Since production environments are dynamic–that is, data profiles may change, you may add new clients and enable new features–performance monitoring is crucial. Ongoing monitoring is as much about identifying and responding to potential failures as it is about ensuring the services goals are consistently met even as the production environment changes. Before going into production, you should have a robust monitoring system for all the producers, consumers, topics, and any other Kafka or Confluent components you’re using.
The information in this page helps you configure a robust performance monitoring system when working with Confluent Cloud.
Metrics API¶
The Confluent Cloud Metrics provides programmatic access to actionable metrics for your Confluent Cloud deployment, including server-side metrics for the Confluent-managed services. However, the Metrics API does not allow you to get client-side metrics. To retrieve client-side metrics, see Producers and Consumers.
The Metrics API is enabled by default, and aggregates metrics at the topic and cluster level. Any authorized user can gain access to the metrics, which allows you to monitor overall usage and performance. To get started with the Metrics API, see the Confluent Cloud Metrics documentation.

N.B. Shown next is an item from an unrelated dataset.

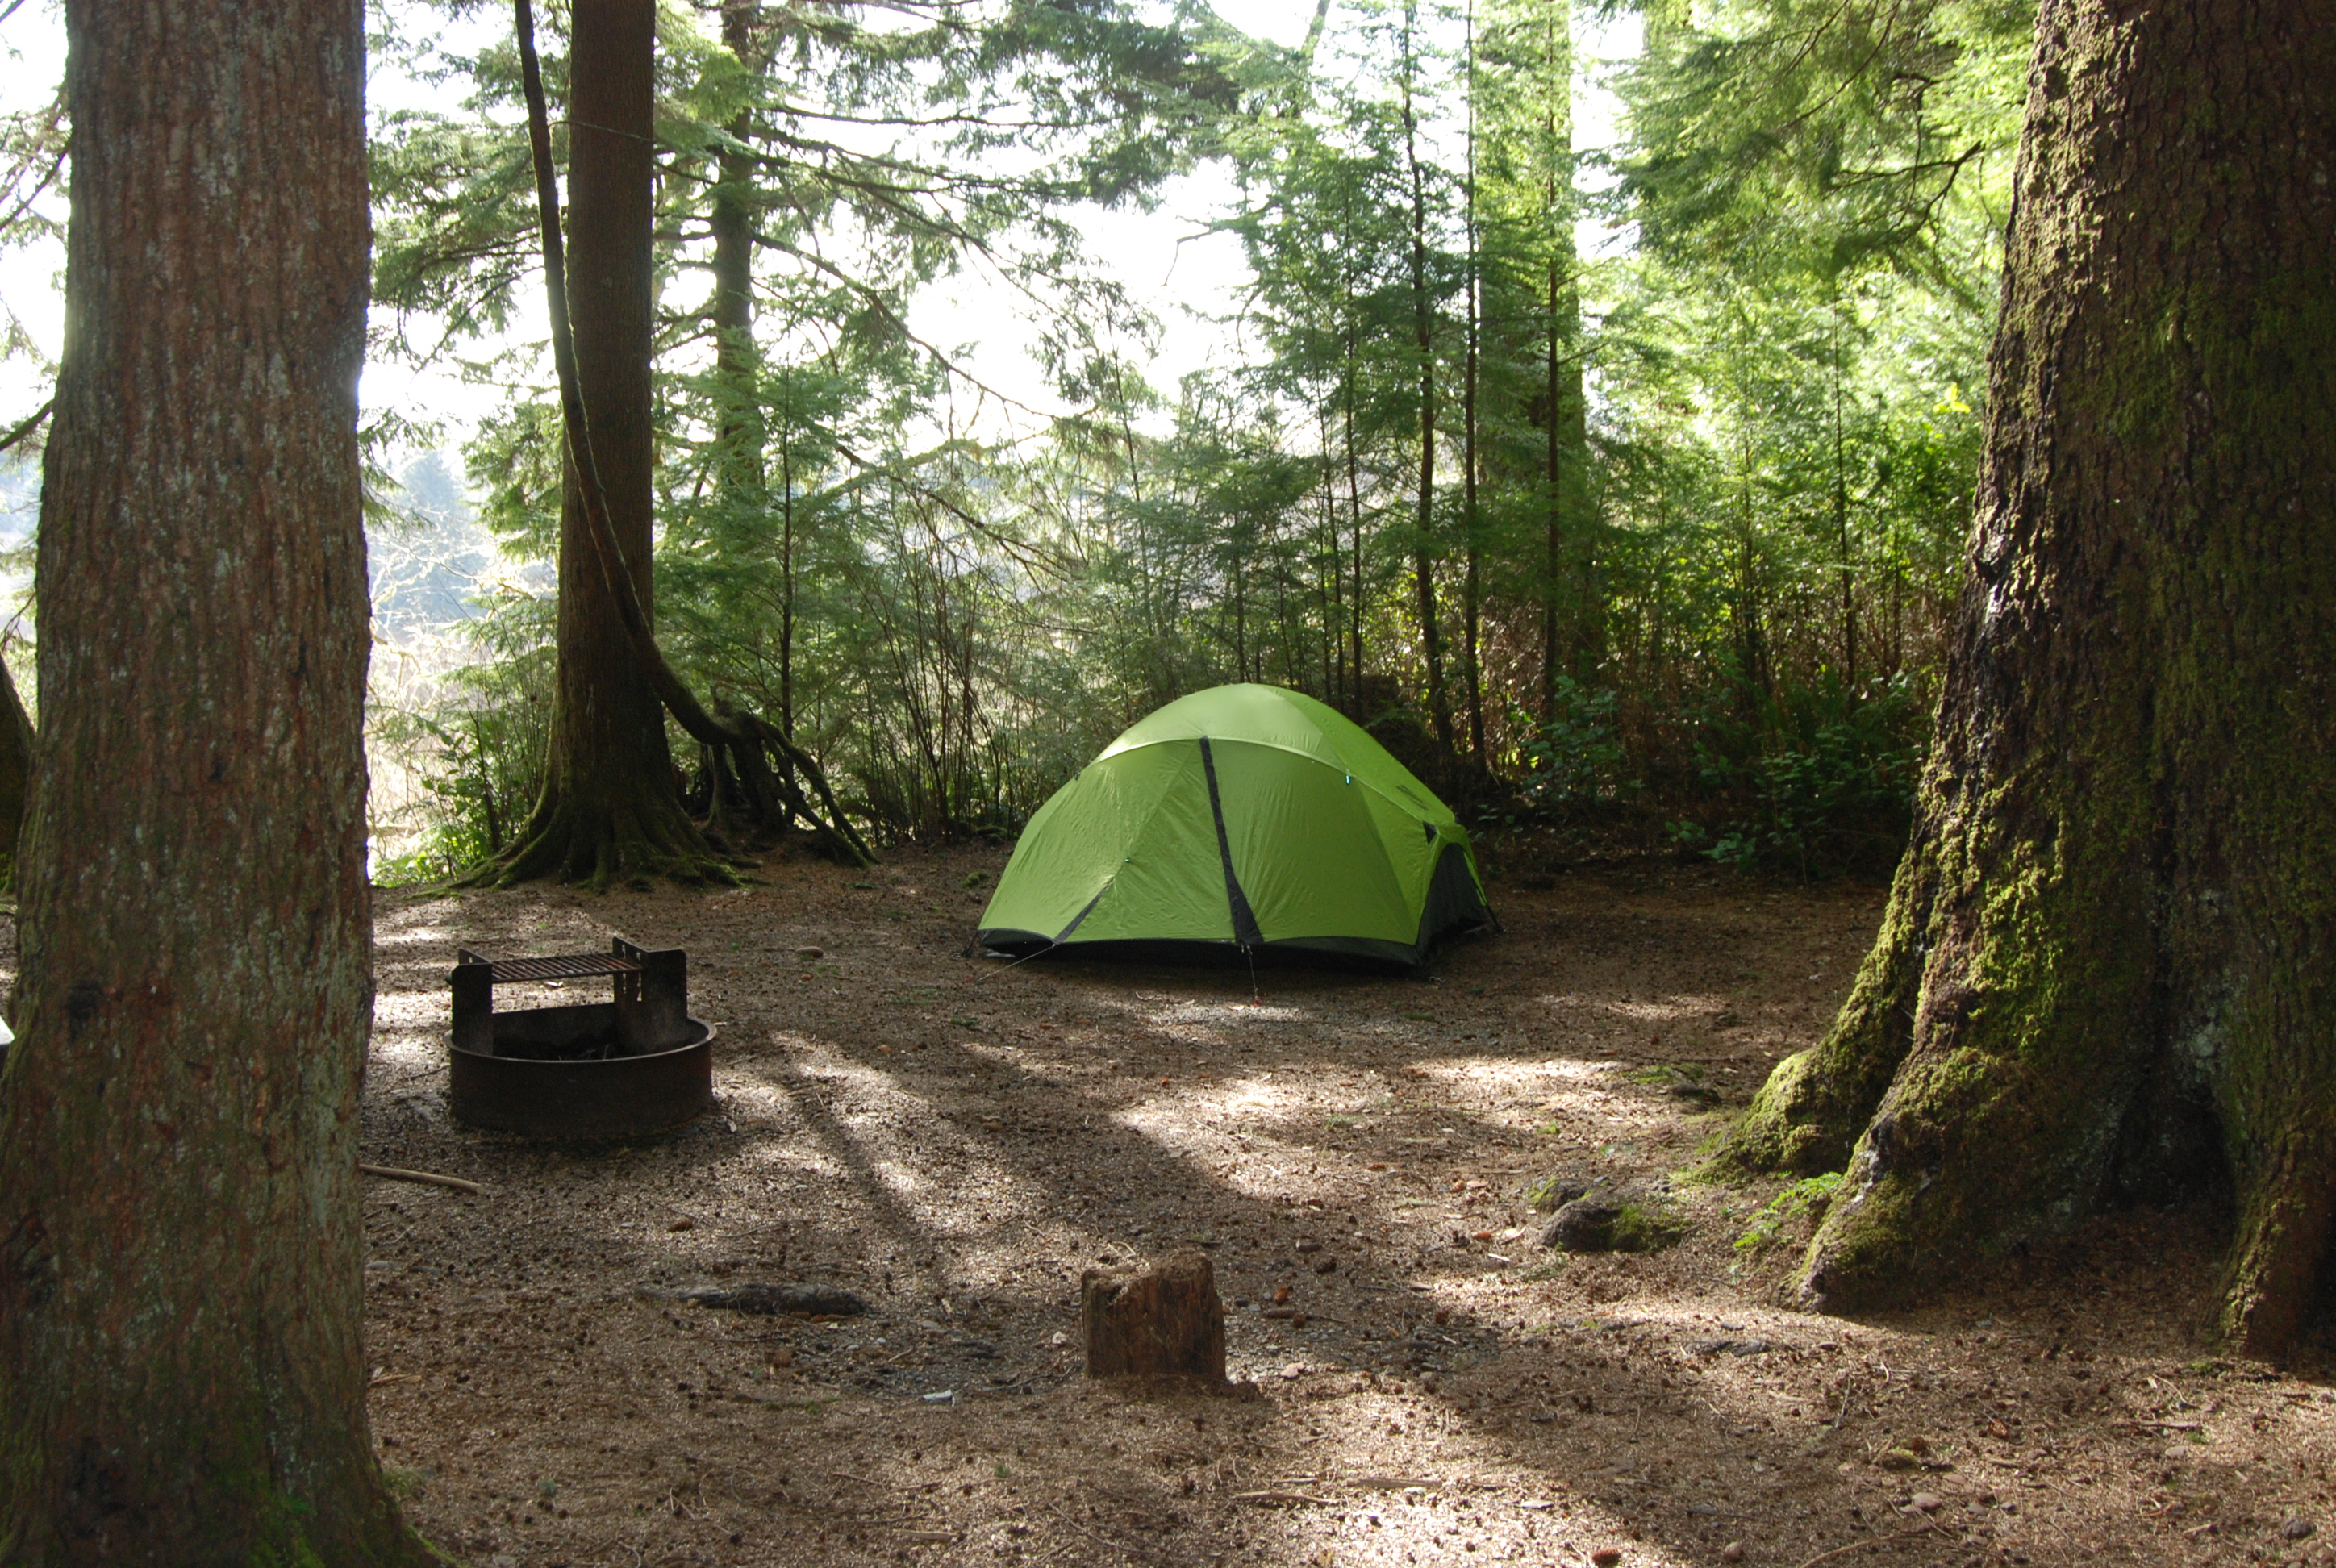 A tent set up in a forested campsite.

You can use the Metrics API to query metrics at the following granularities (other resolutions are available if needed):
- Bytes produced per minute grouped by topic
- Bytes consumed per minute grouped by topic
- Max retained bytes per hour over two hours for a given topic
- Max retained bytes per hour over two hours for a given cluster
You can retrieve the metrics easily over the internet using HTTPS, capturing them at regular intervals to get a time series and an operational view of cluster performance. You can integrate the metrics into any cloud provider monitoring tools like Azure Monitor, Google Cloud’s operations suite (formerly Stackdriver), or Amazon CloudWatch, or into existing monitoring systems like Prometheus and Datadog, and then plot them in a time series graph to see usage over time. When writing your own application to use the Metrics API, see the full API specification to use advanced features.
Client JMX metrics¶
Kafka applications expose some internal Java Management Extensions (JMX) metrics,
and many users run JMX exporters to feed the metrics into their monitoring
systems. You can retrieve JMX metrics for your client applications and the
services you manage (though not for the Confluent-managed services, which are
not directly exposed to users) by starting your Kafka client applications with
the JMX_PORT
environment variable configured. There are many
Kafka-internal metrics that are exposed through JMX to
provide insight on the performance of your applications.
Producers¶
Throttling¶
Depending on your Confluent Cloud service plan, you may be limited to certain throughput rates for produce (write). If your client applications exceed the produce rates, the quotas on the brokers detect it and the brokers throttle the client application requests. It’s important to ensure your applications aren’t consuming more resources than they should be. If the brokers throttle the client application requests, consider the following two options:
- Make modifications to the application to optimize its throughput. For more information on how to optimize throughput, see Optimize Confluent Cloud Clients for Throughput.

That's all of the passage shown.